Transplantation of a tissue engineered cardiac pacemaker (TECP) may represent a novel therapy for cardiac sinus node dysfunction. We previously reported that cardiac progenitor cells (CPCs) derived from embryonic heart tubes could differentiate into cardiac pacemaking cells after endothelin-1 treatment.
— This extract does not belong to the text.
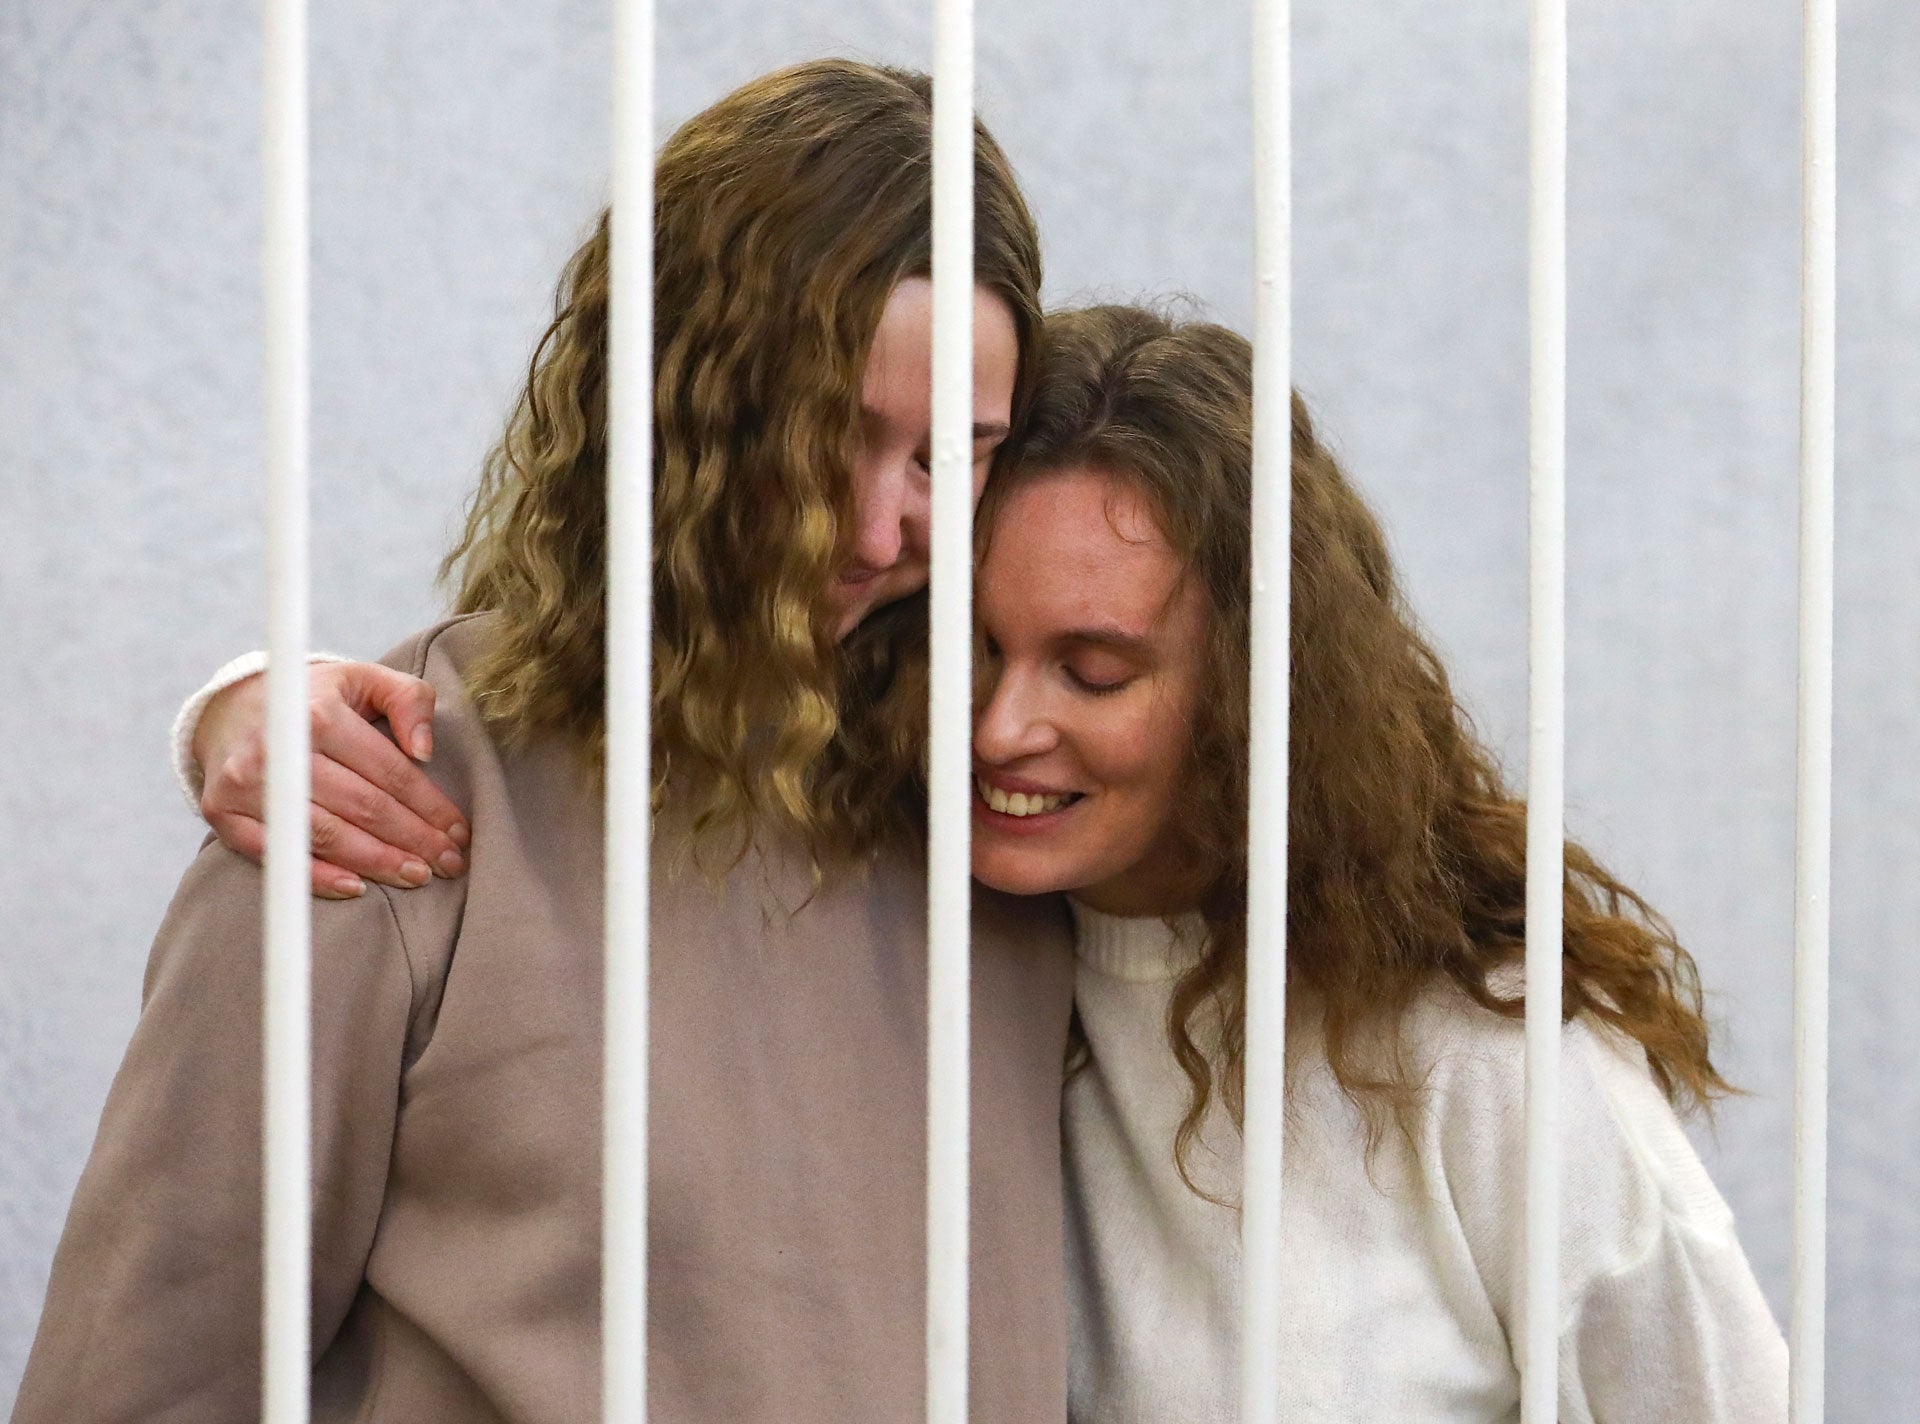 La journaliste biélorusse Ekaterina Bakhvalova (à droite) serre l'épaule de sa collègue Daria Chultsova (à gauche) dans la cage servant de box des accusés, lors de leur procès à Minsk, en Biélorussie, le 9 février 2021.

We aimed to examine the feasibility of TECP fabricated from CPCs-derived pacemaking cells and vascularization of TECP fabricated from CPCs-derived pacemaking cells and endothelial progenitor cells (EPCs) in vitro and in vivo implantation.Main methods:
TECP created using CPCs-derived pacemaking cells and vTECP created by mixing CPCs and EPCs in vitro were implanted into rat hearts. Sinus node damaged was induced by formaldehyde insult.Key results:
Spontaneous beating tissues, namely TECP, were obtained after seeding CPCs-derived pacemaking cells into Matrigel. ECG and epicardial multielectrode array (MEA) measurements confirmed implanted TECP have electrical activity. TECP implantation promoted individual survival in sinus node damage models (15/22 animals lived versus 0/17 control). vTECP fabricated by mixing the both EPCs and CPCs-derived pacemaking cells with Matrigel in equal proportions optimally formed pre-vascularization in vitro. The implantation of vTECP enhanced electrical activity in vivo, which may correlate with increased vascularization. PI3K-Akt-VEGF/VEGFR signaling was involved with vascular ingrowth in vTECP.Significance:
Our data supports the therapeutic potential of TECP fabricated with the CPCs-derived pacemaking cells for sinus node dysfunction. Vascularization by the addition of EPCs is an important factor to sustain viability of the TECP in vivo.